Given material:
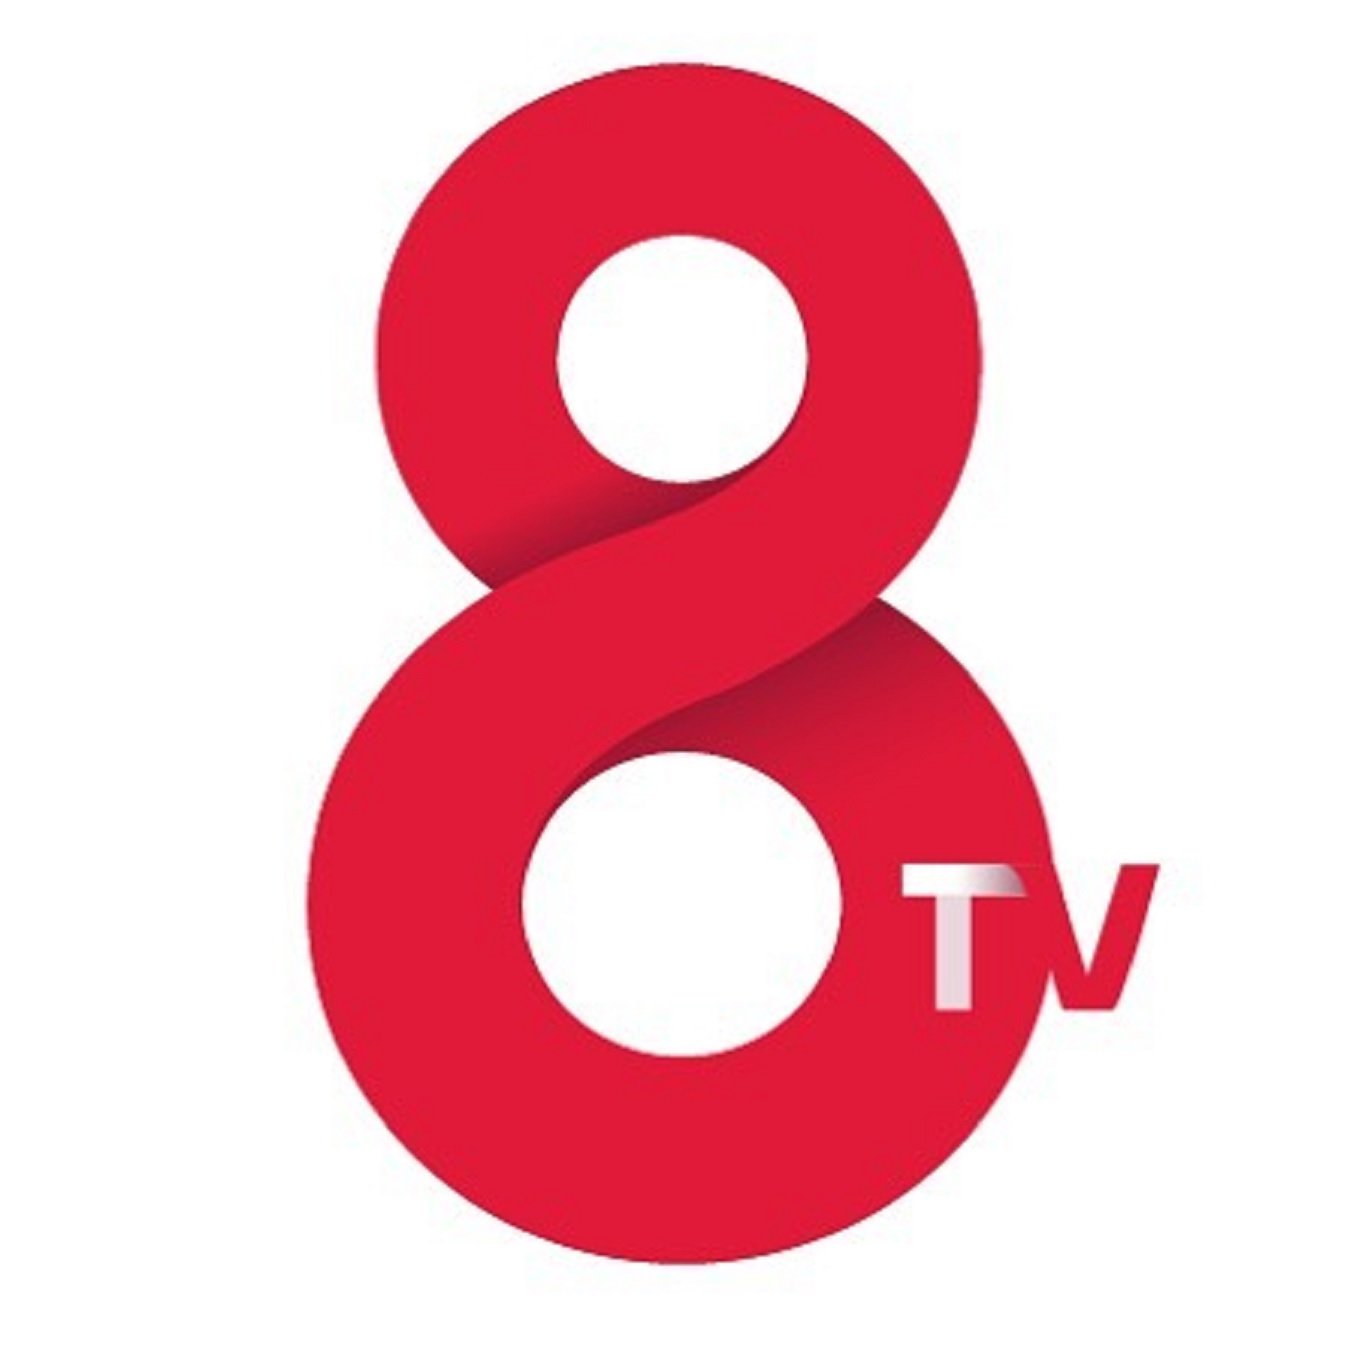 Famós VIP deixa 8TV i commou amb el seu comiat: "Fins sempre"
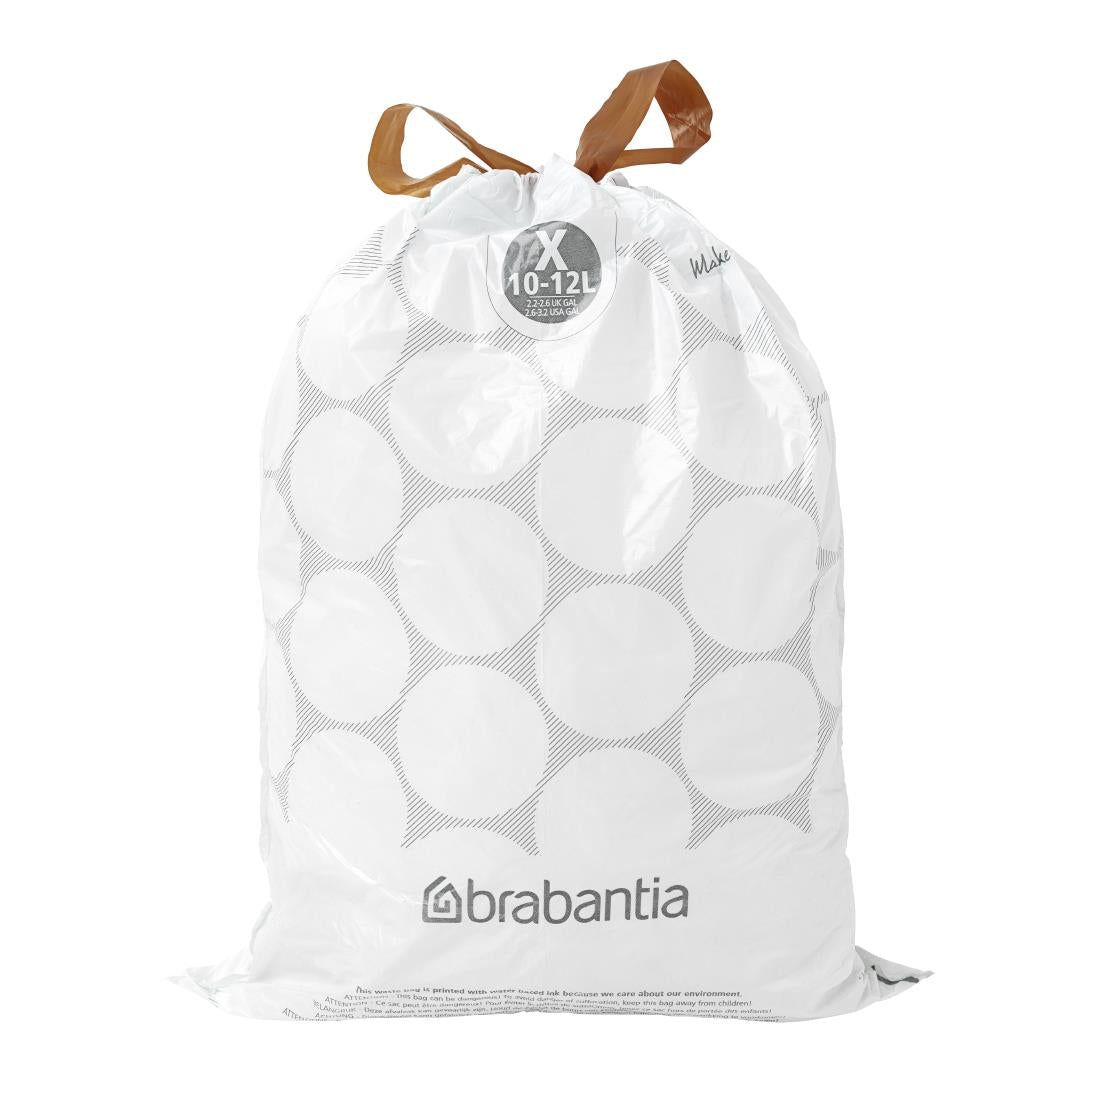 Brabantia PerfectFit Bin Bags X 10-12 Litre (Pack of 40)
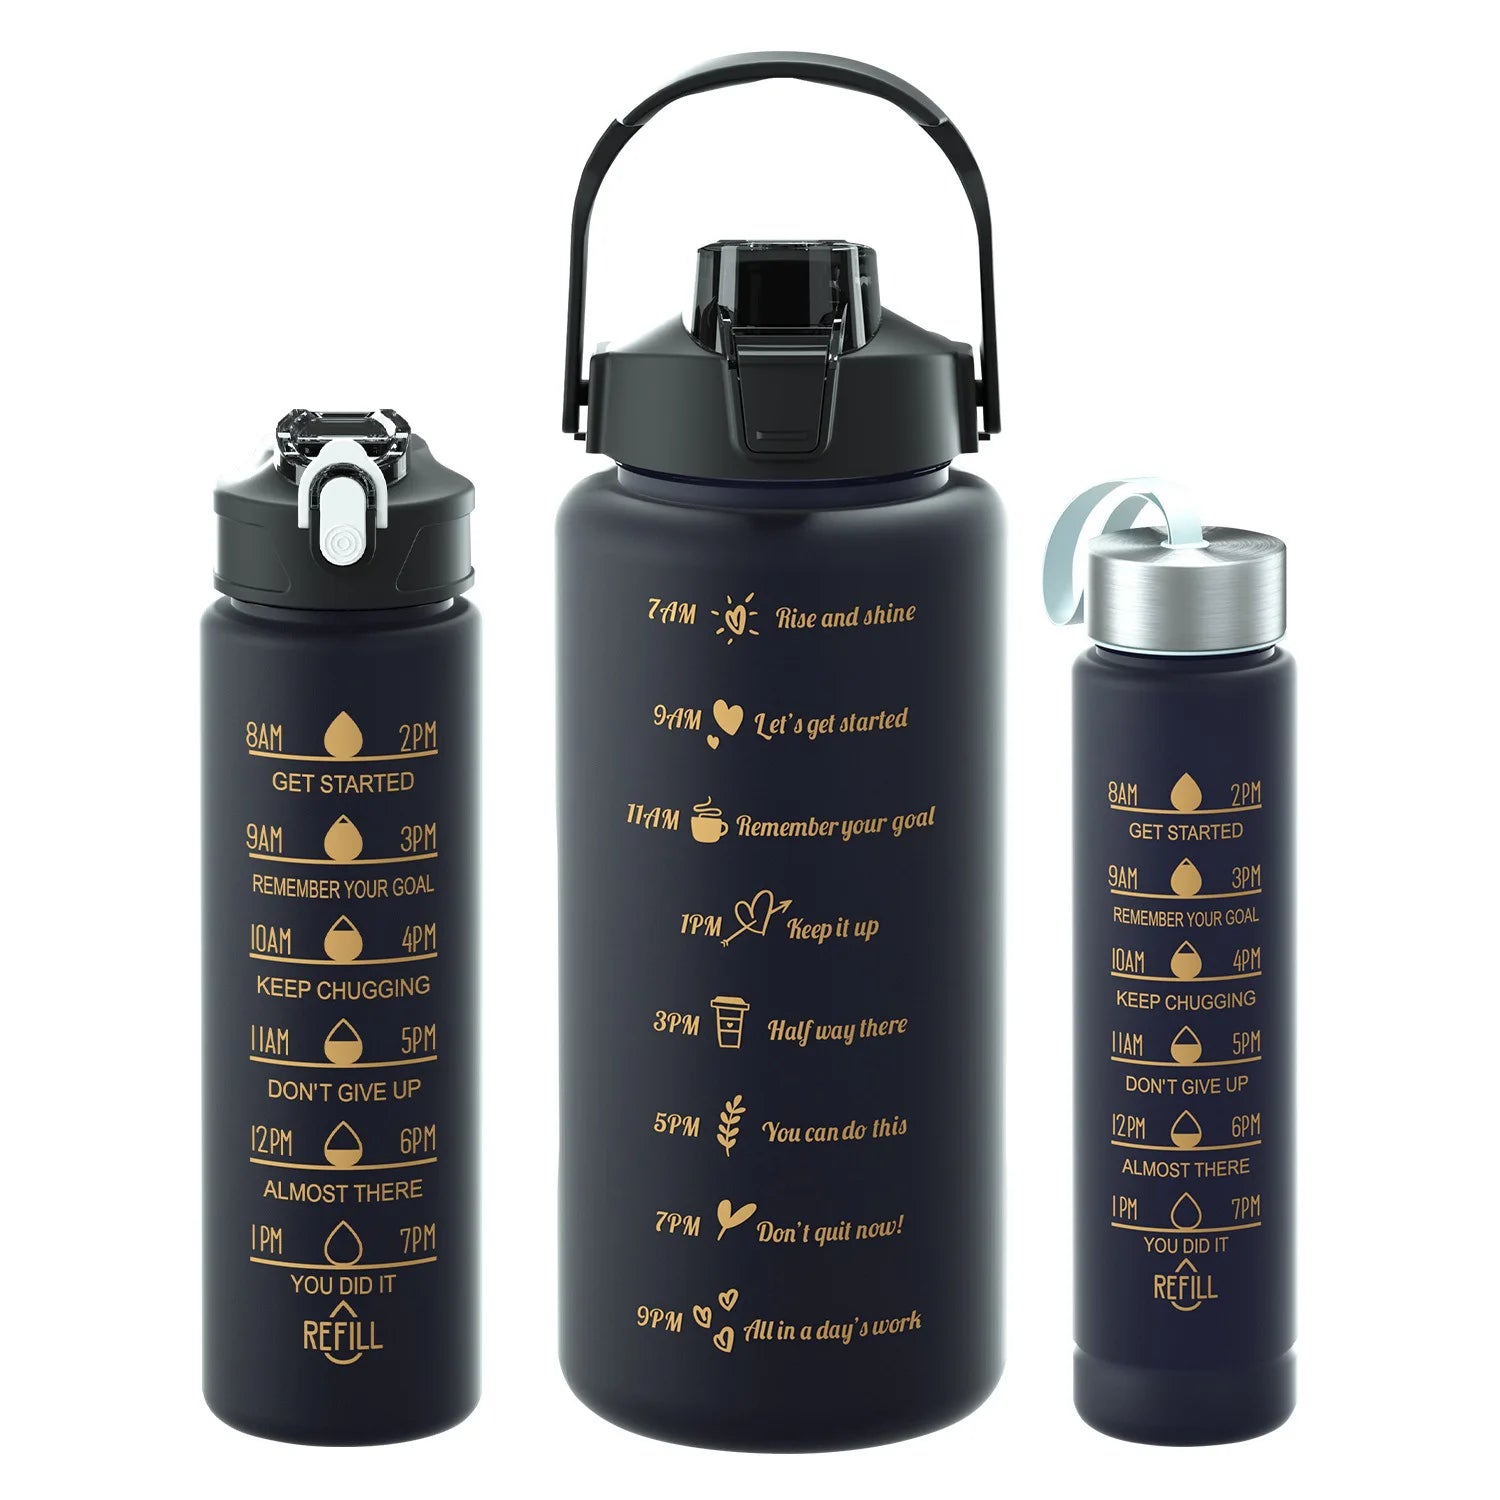 Das Bild zeigt drei schwarze Sporttrinkflaschen unterschiedlicher groesen und Zeitmarkierungen.

Task statement:
Transcribe the material above word for word; images do not belong in the copy.

Answer:
 Famós VIP deixa 8TV i commou amb el seu comiat: "Fins sempre"
 Brabantia PerfectFit Bin Bags X 10-12 Litre (Pack of 40)
 Das Bild zeigt drei schwarze Sporttrinkflaschen unterschiedlicher groesen und Zeitmarkierungen.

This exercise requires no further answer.